> [Work item] Below are records with pictures in them. Output exactly the lines from the one with "许巍《难忘的一天》吉他谱_C" through the one with "Un vieux tram", both included, and leave every picture out; give only those lines.

> [Input records]
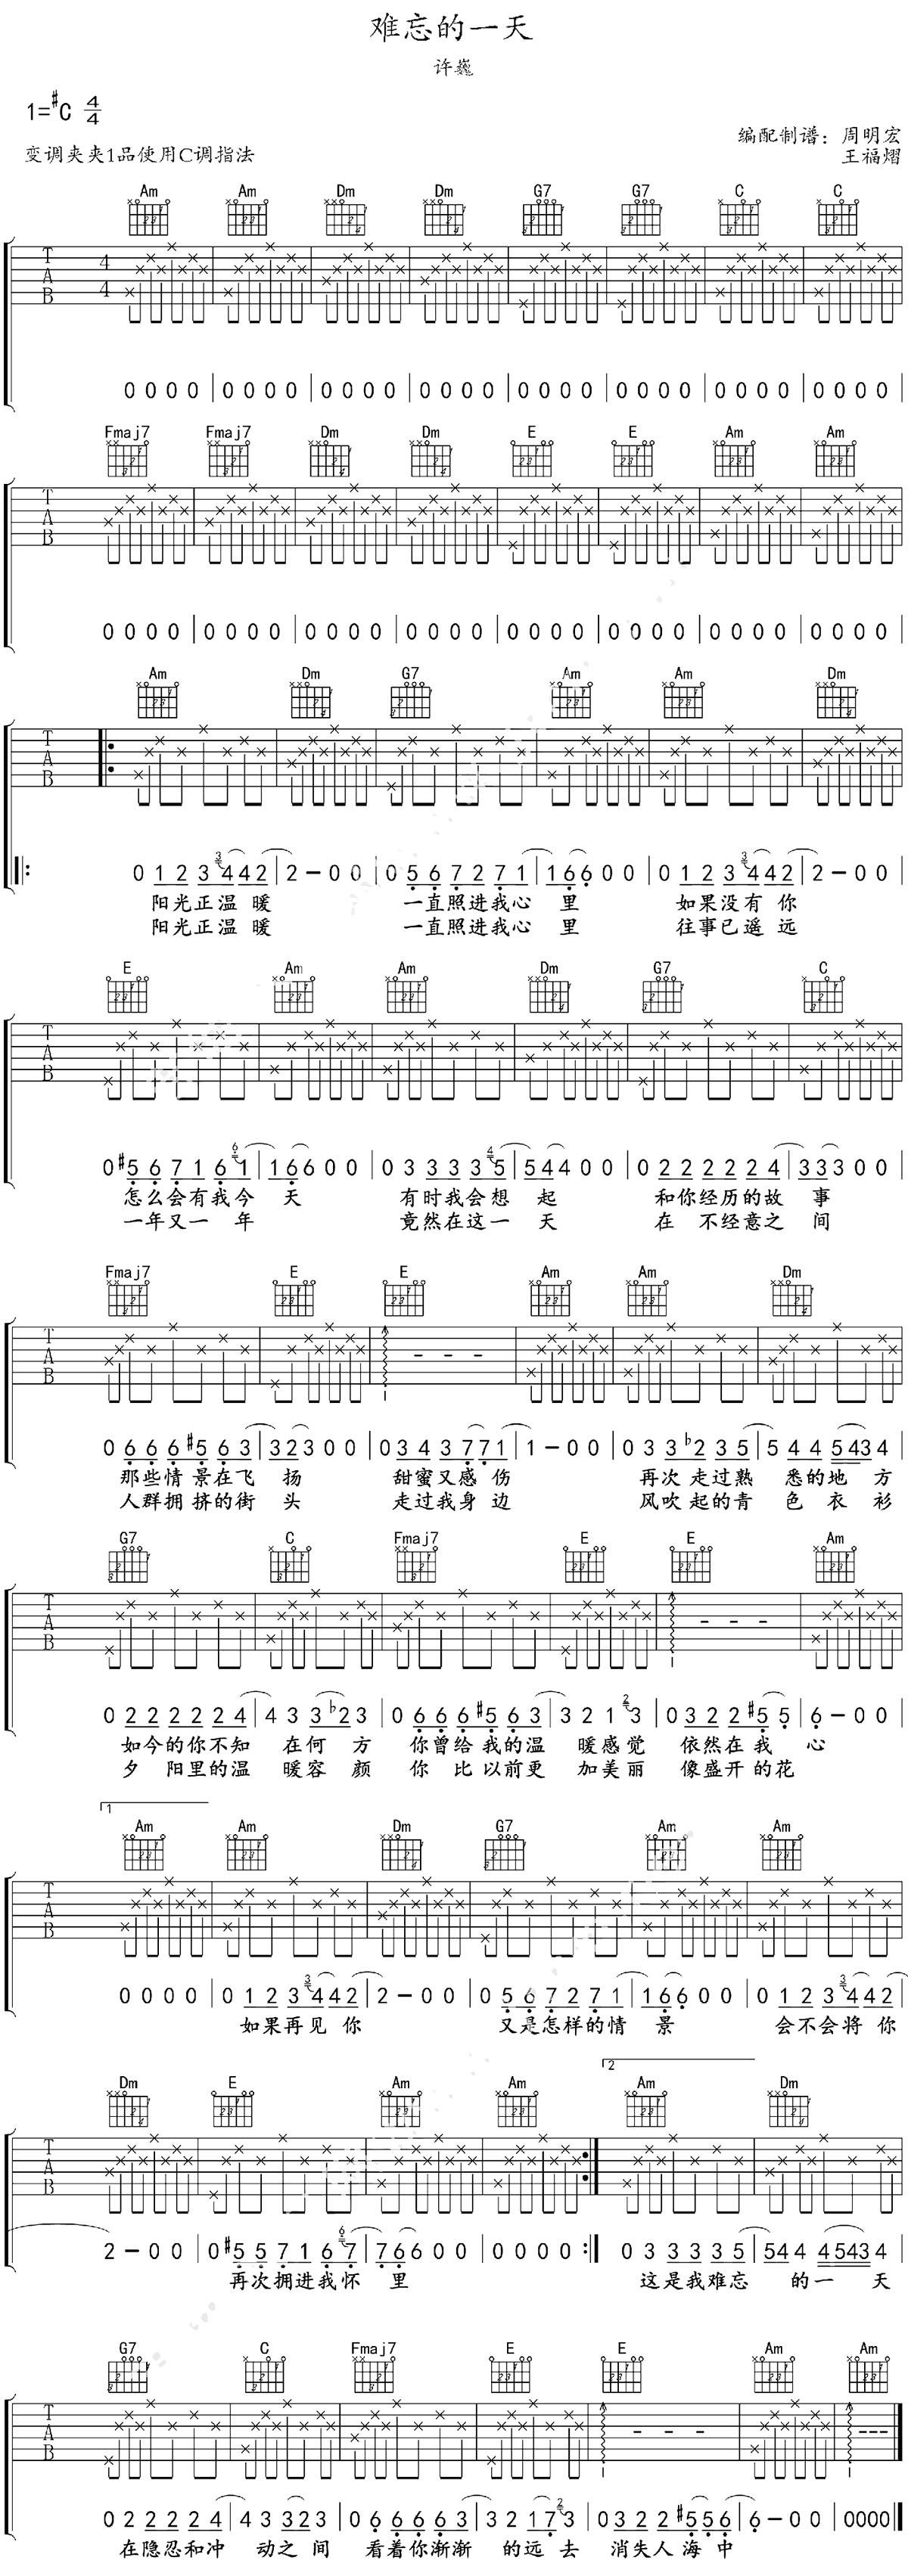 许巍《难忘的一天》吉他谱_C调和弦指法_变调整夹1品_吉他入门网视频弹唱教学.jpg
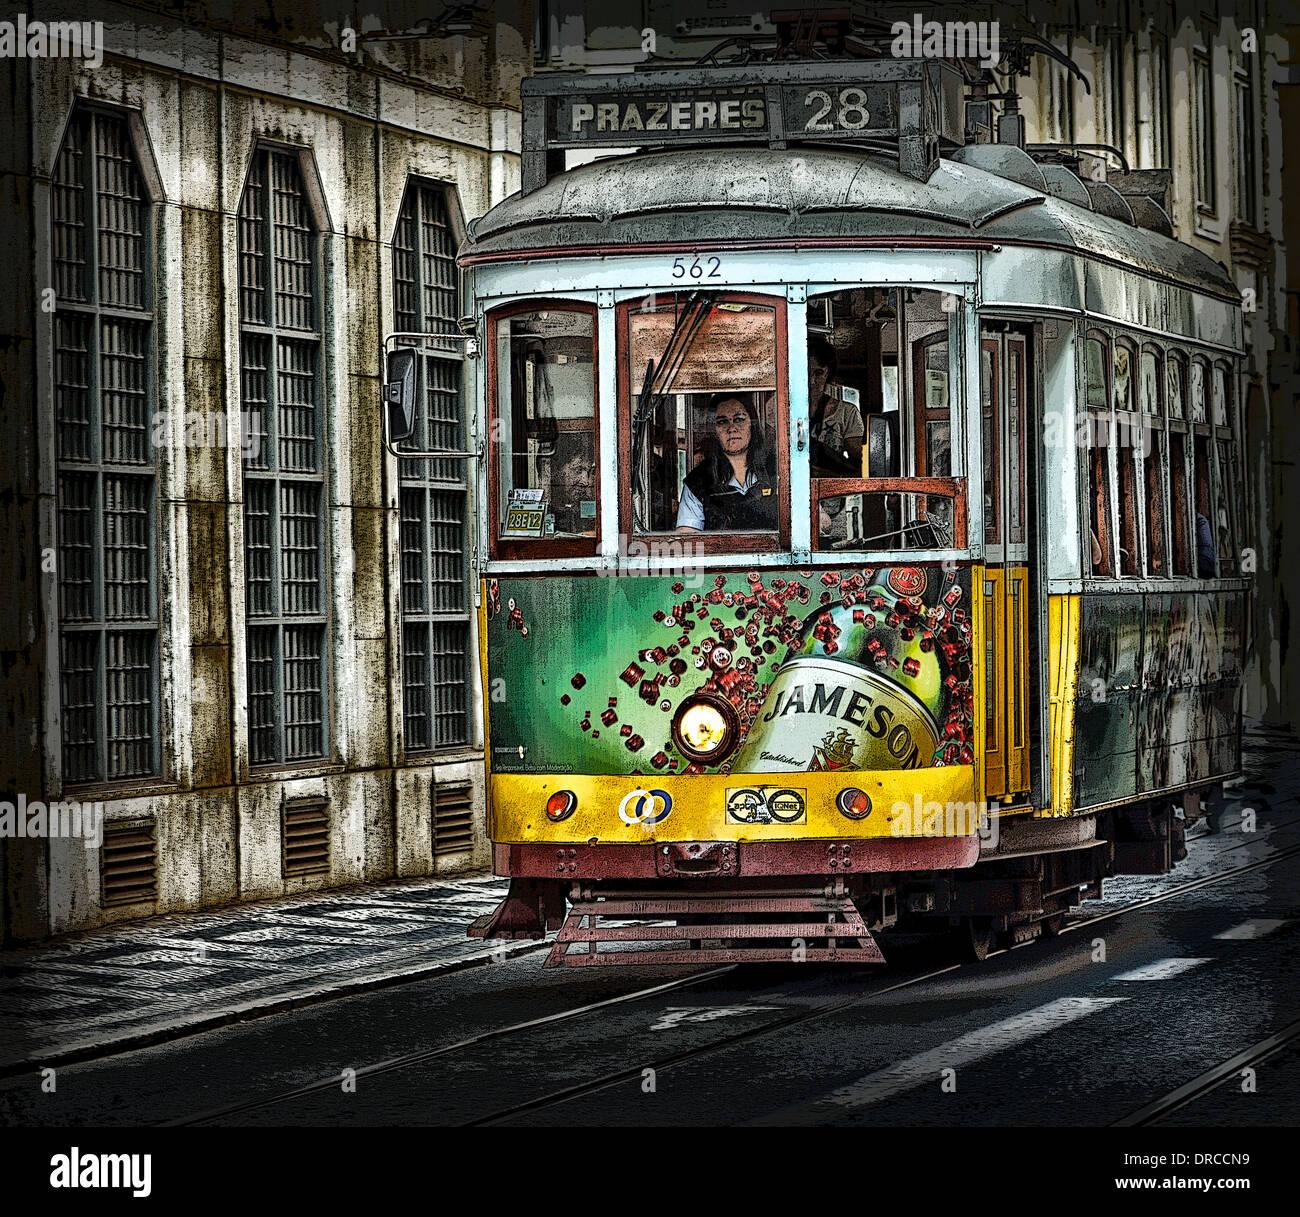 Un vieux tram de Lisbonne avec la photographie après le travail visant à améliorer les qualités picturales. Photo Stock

---

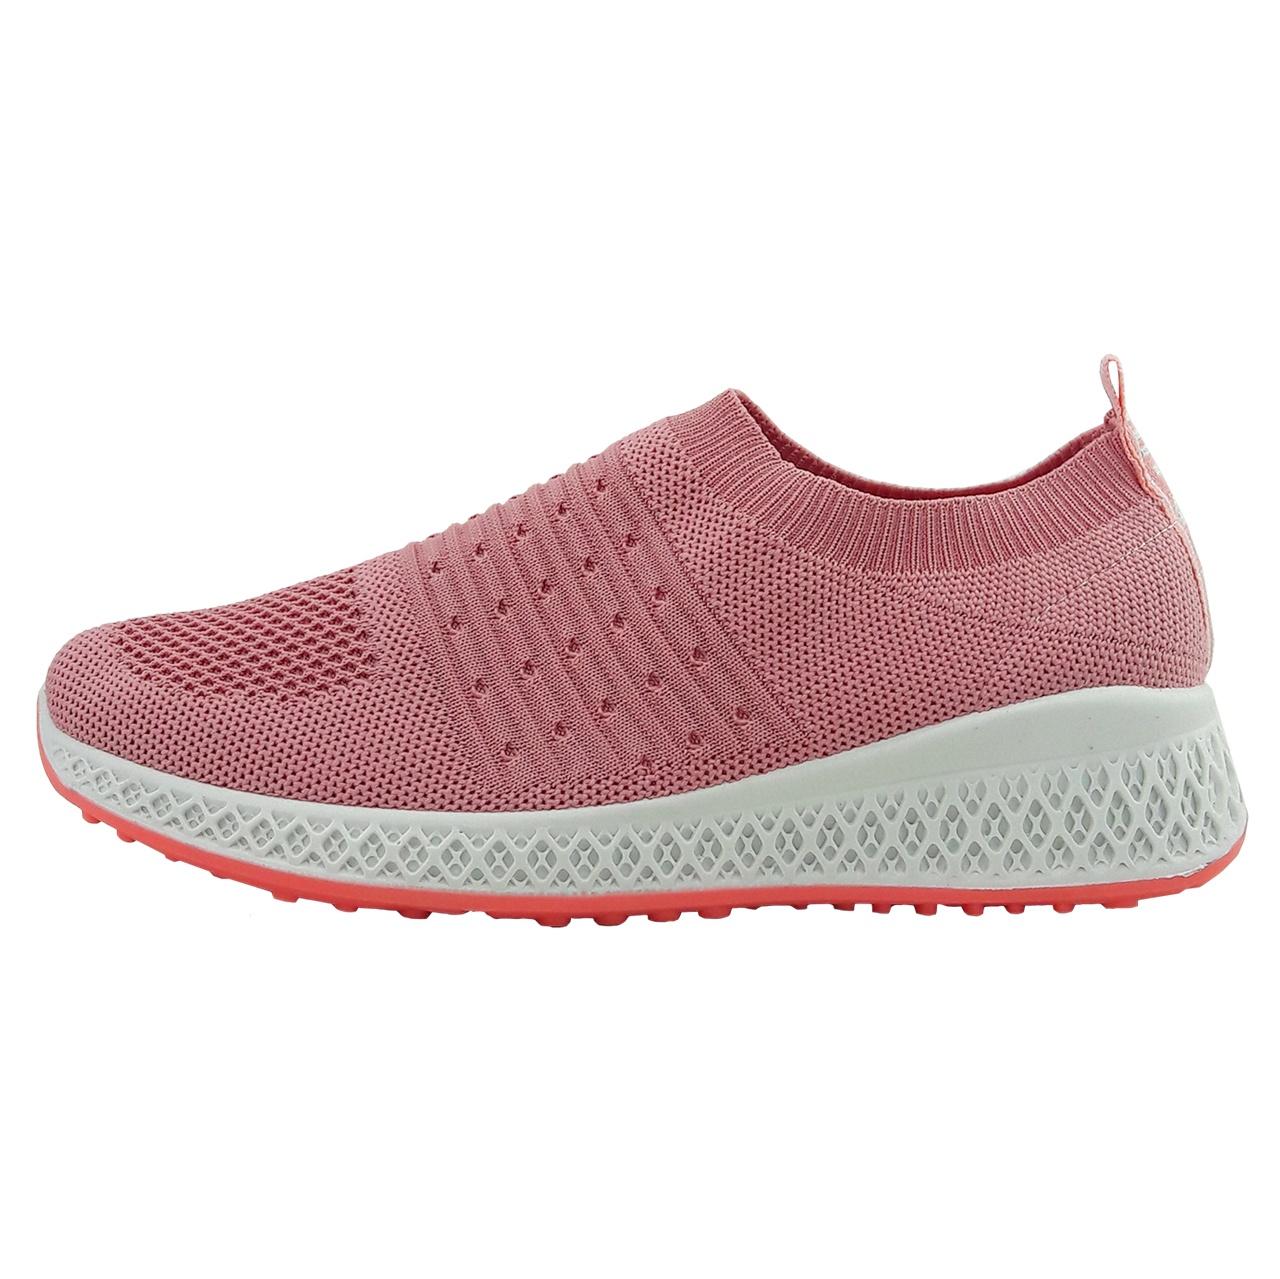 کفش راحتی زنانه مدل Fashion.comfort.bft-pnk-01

==

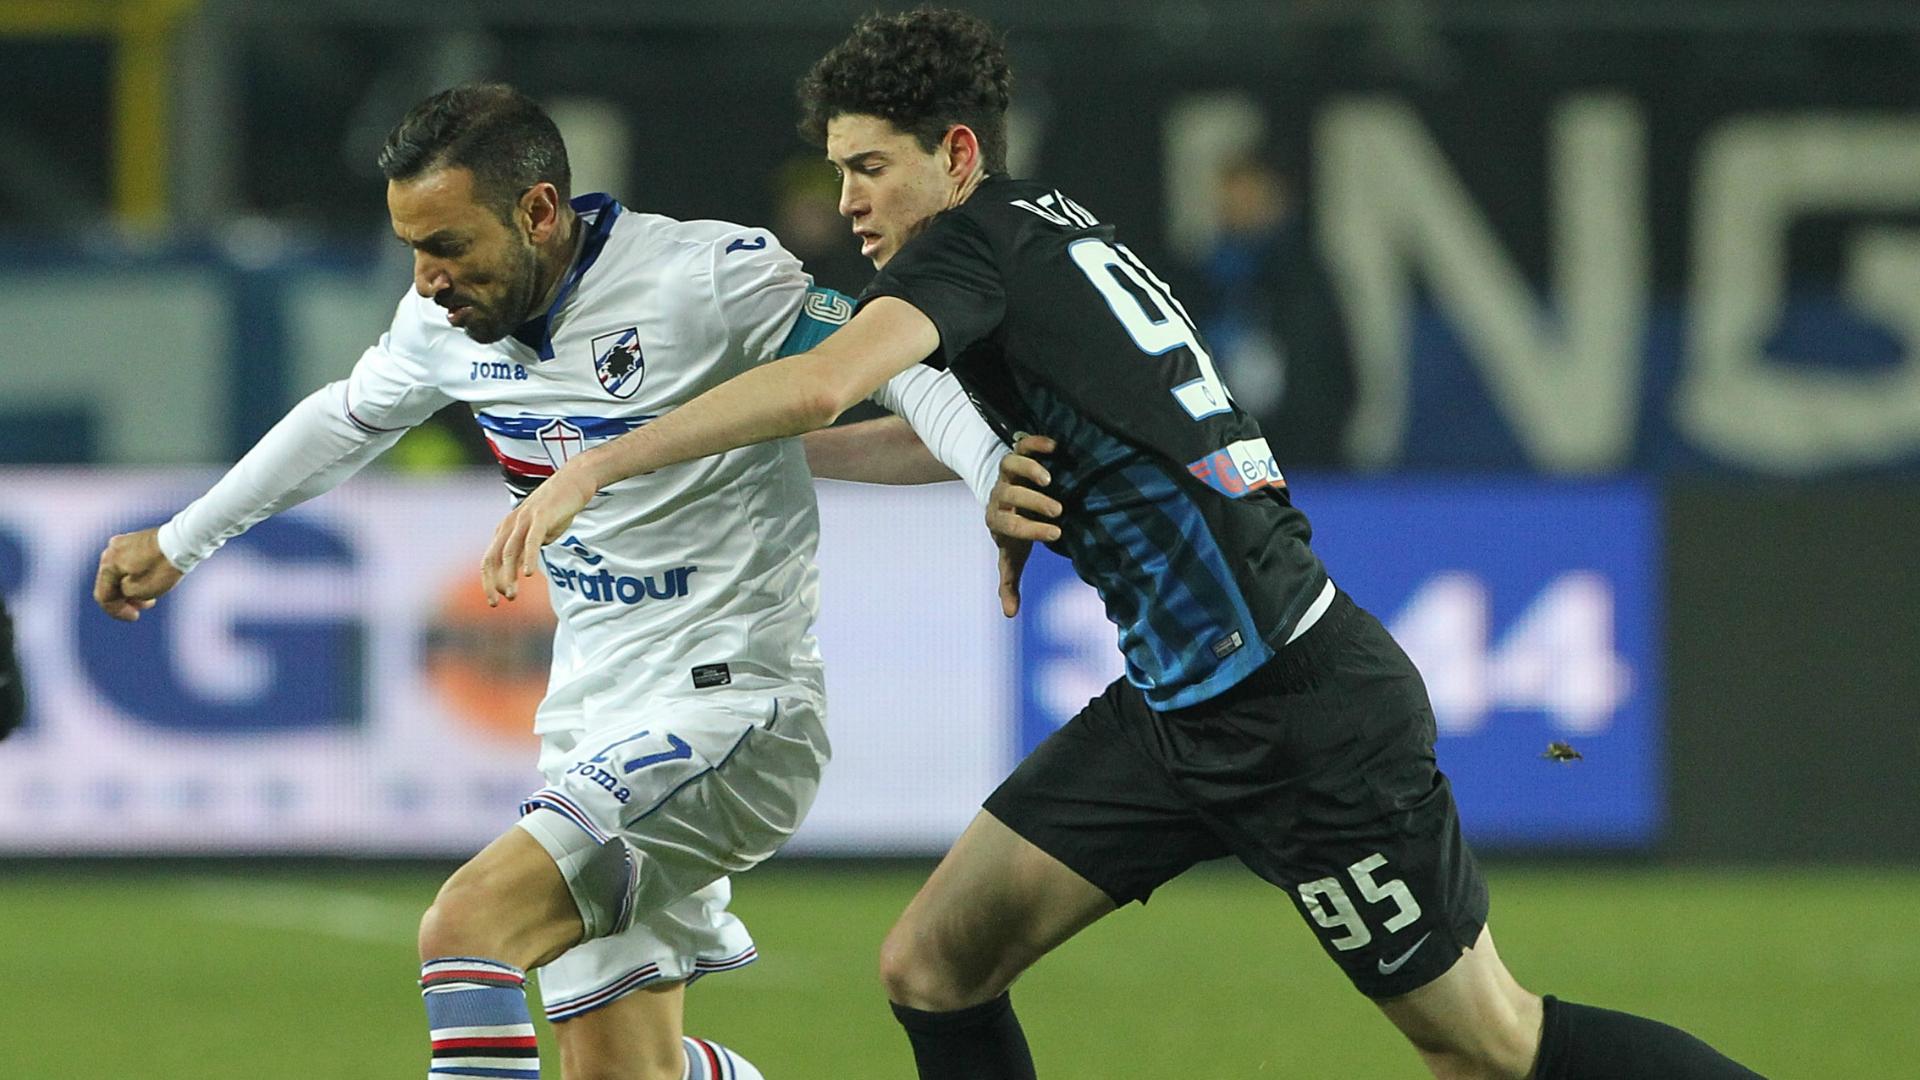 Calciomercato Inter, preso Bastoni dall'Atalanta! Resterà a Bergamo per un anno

> [Exercise answer]
 许巍《难忘的一天》吉他谱_C调和弦指法_变调整夹1品_吉他入门网视频弹唱教学.jpg
 Un vieux tram de Lisbonne avec la photographie après le travail visant à améliorer les qualités picturales. Photo Stock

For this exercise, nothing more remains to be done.